Les travaux ont été réalisés pendant le cours Learning Perspectives du programme Journeys co-enseigné par Amanda Lickers et Jocelyn Parr en 2023-2024.

L'étudiant Zye Rashontiiostha Mayo explique que l'exposition avait deux objectifs : « présenter nos œuvres d'art et faire entendre nos voix ».

L'occasion d'être en contact avec sa propre culture

Zye, qui est Kanienʼkehá꞉ka du clan des Snipe de Kahnawake, a apprécié l'occasion d'être en contact avec sa propre culture avant de poursuivre son cheminement scolaire.

Zye présentait trois œuvres : du cuir de poisson, une impression et une photo. « J’ai passé une semaine à apprendre comment fabriquer du cuir de poisson, une matière très résistante. On peut en faire des pochettes, des portefeuilles et bien d’autres choses. Je n’aurais jamais pensé venir à Dawson pour apprendre à fabriquer du cuir de poisson. Je suis rentré chez moi et j’ai montré la méthode à mon cousin qui vit selon les traditions! »

Cuir de poisson

Sa photo a été prise lors d'un voyage de fin d'année avec l'École de Survie de Kahnawake dans le nord de l'État de New York. Zye l'a intitulée Looking home. Il explique que les Mohawks sont considérés comme les gardiens de la porte de l'Est. La photo a été prise en direction de l'Est, quelque part sur la route entre les chutes du Niagara et Toronto, avec des forêts en arrière-plan. Zye se réjouit que ces forêts soient encore vierges.

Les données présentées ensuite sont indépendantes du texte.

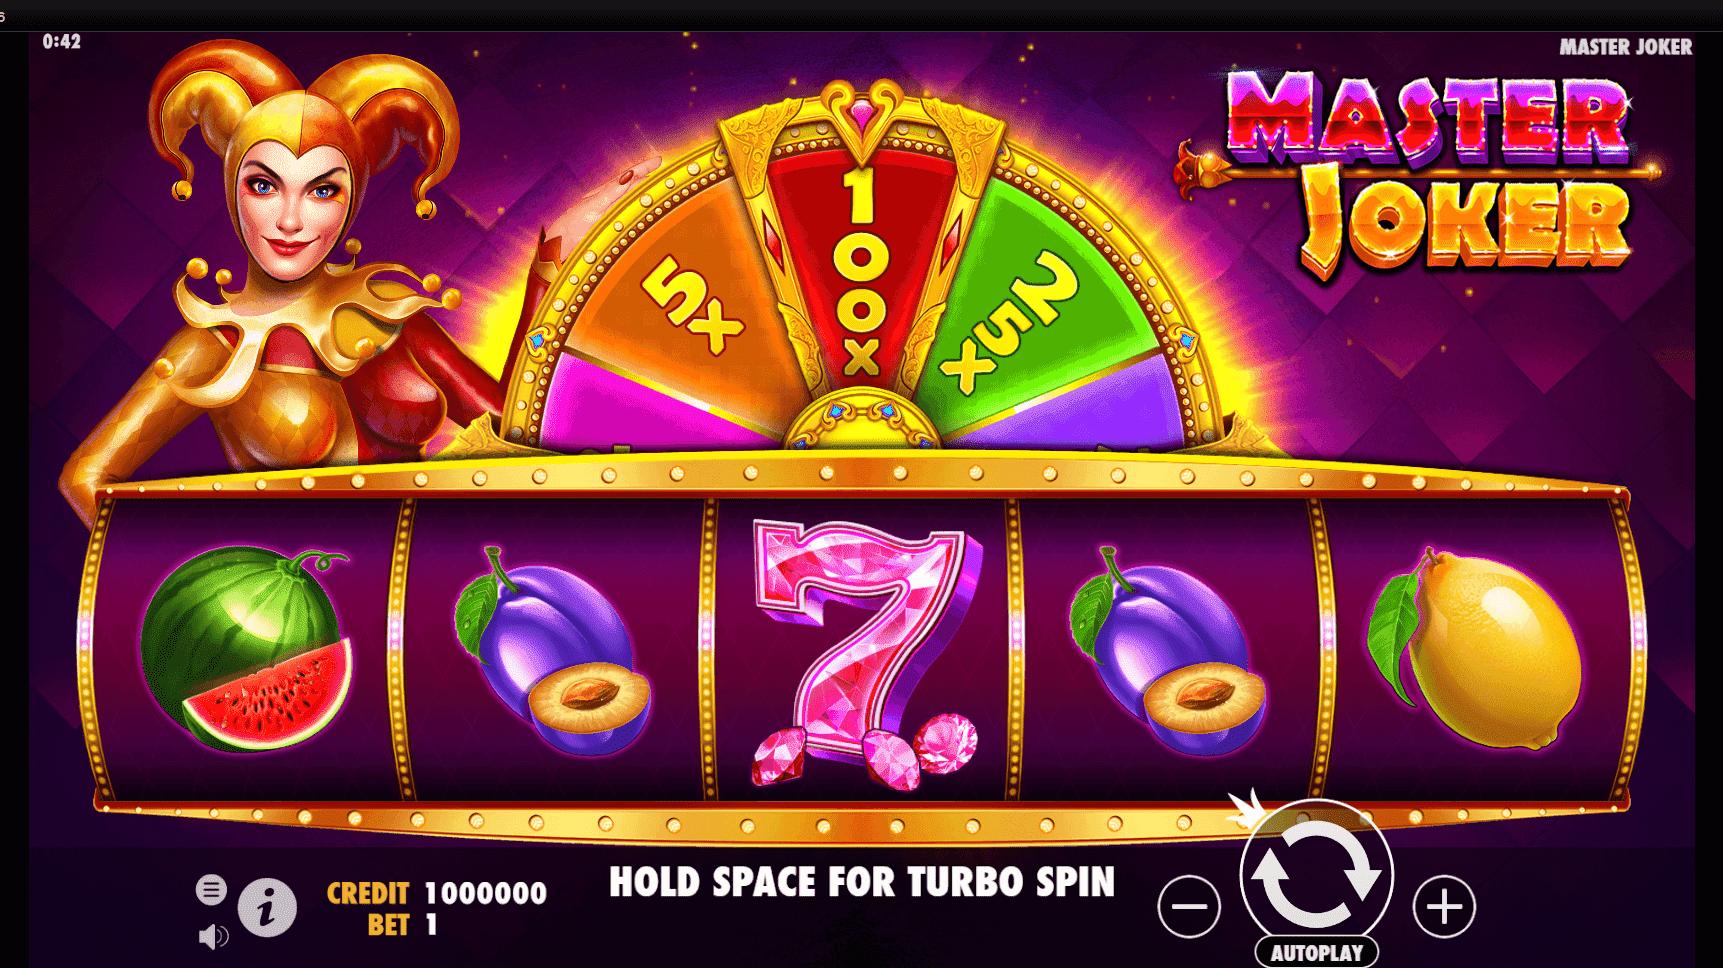 Master Joker slot machine screenshot

La fin du cours et du programme Journeys est une grande réussite pour Zye. « Je suis probablement le seul étudiant de première année de Kahnawake à être encore ici. L'année a été difficile pour les membres de ma communauté, et la vie de cégep vient avec son lot de défis. Le First Peoples’ Centre m'a vraiment aidé. C'est un endroit où l'on se sent comme chez soi. On y diffuse même une station de radio basée à Kahnawake! » L'automne prochain, Zye est inscrit dans le profil Changement social et solidarité du programme Sciences humaines.

Tapisa Tulugak, une Inuk de Puvirnituq au Nunavik (à une plus grande distance de Montréal que Halifax), est une des camarades de classe de Zye. Tapisa a présenté deux œuvres dans l'exposition intitulée Living Perspectives.

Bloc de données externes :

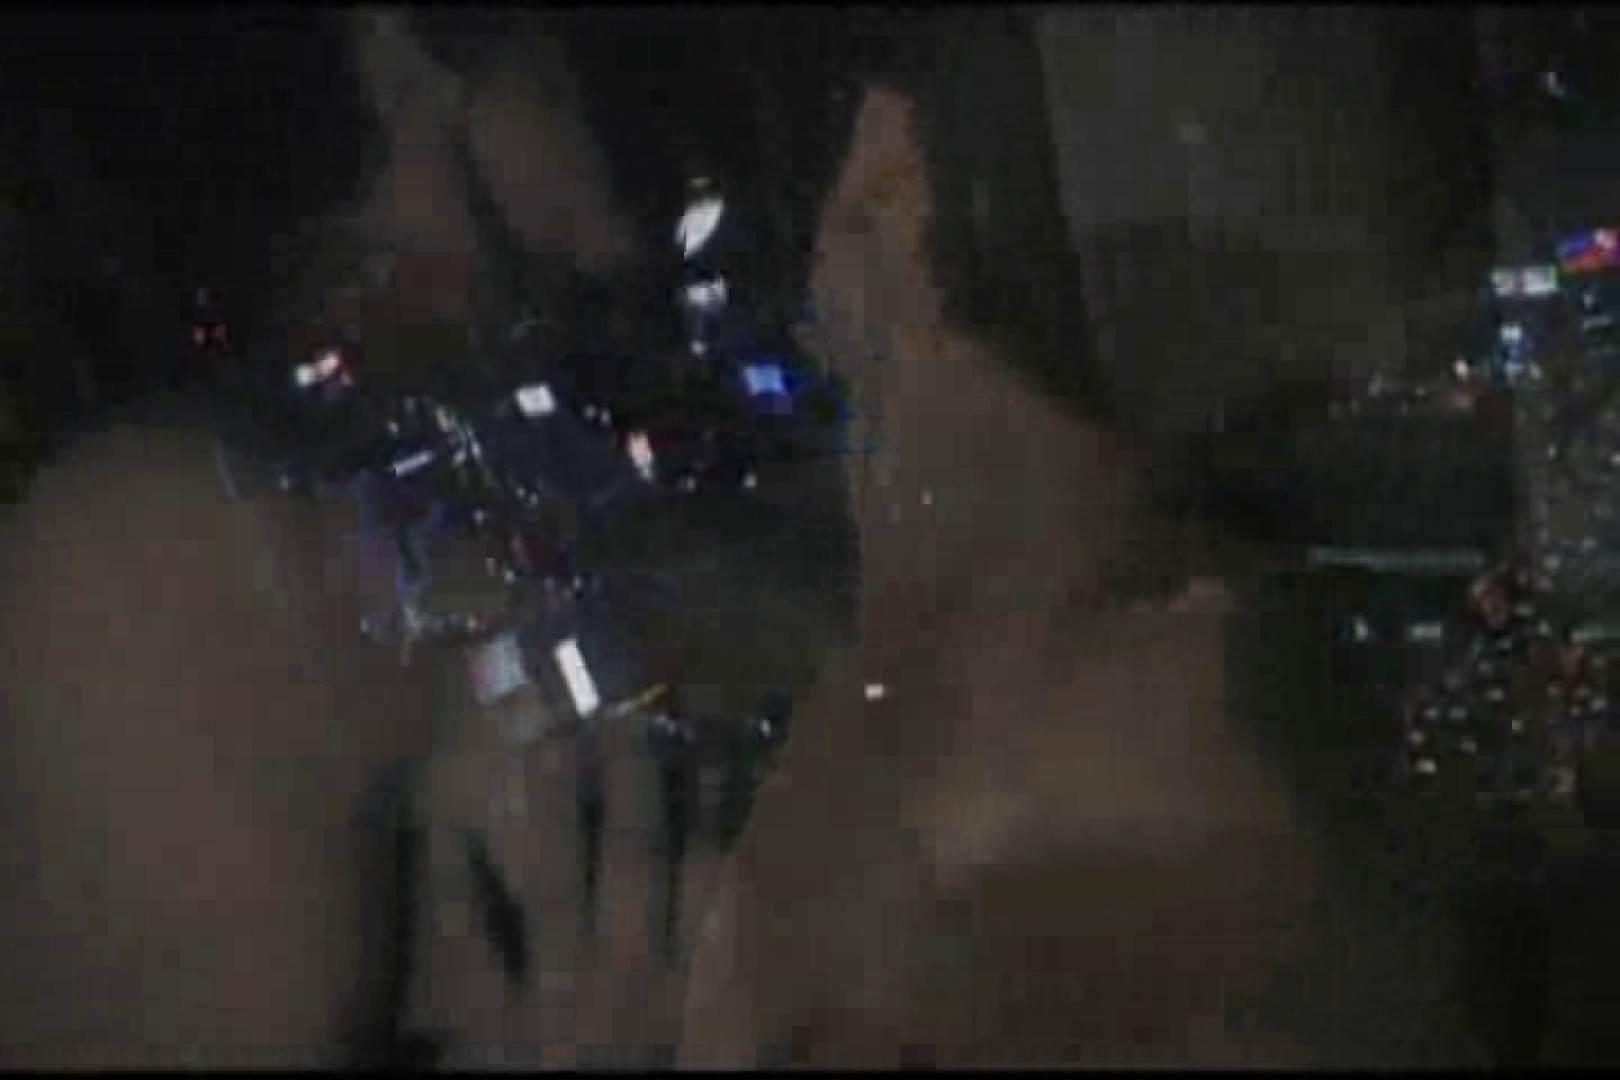 ホテルで密会!!夜景をバックに濃密ファック!! バック技 ゲイ無修正ビデオ画像 97枚 36

C'était la première fois qu'elle suivait un cours de dessin et de linogravure. « À ma grande surprise, je me rends compte que je suis capable de faire des croquis. »

Guérir par l'art

Tapisa estime que le cours a été salutaire, et elle aime Dawson parce qu'elle trouve que « les gens comprennent bien le peuple inuit et sont très ouverts d'esprit ».

Tapisa a présenté un poème et une linogravure dans l'exposition. Elle nous explique l'histoire de son poème : « J'ai écrit un poème en inuktitut pendant mes études au Nunavik Sivunitsavut. Il a été traduit par Jennifer Savard, une de mes enseignantes à l'Institution Kiuna, en 2019. Le peuple inuit a été victime des colonisateurs pendant trop longtemps, ce qui nous a affectés de multiples façons. Le gouvernement fédéral a causé tant de mal aux peuples autochtones canadiens, sur nos propres terres, et la vérité doit être connue. Mais nous sommes toujours debout! »

Tapisa a vraiment aimé le cours. « J’ai appris que je suis assez forte pour organiser ma propre exposition d’art et que je n’ai rien à craindre. Amanda Lickers, notre enseignante, a invité des personnalités très inspirantes, et je suis très reconnaissante pour ces merveilleuses expériences. »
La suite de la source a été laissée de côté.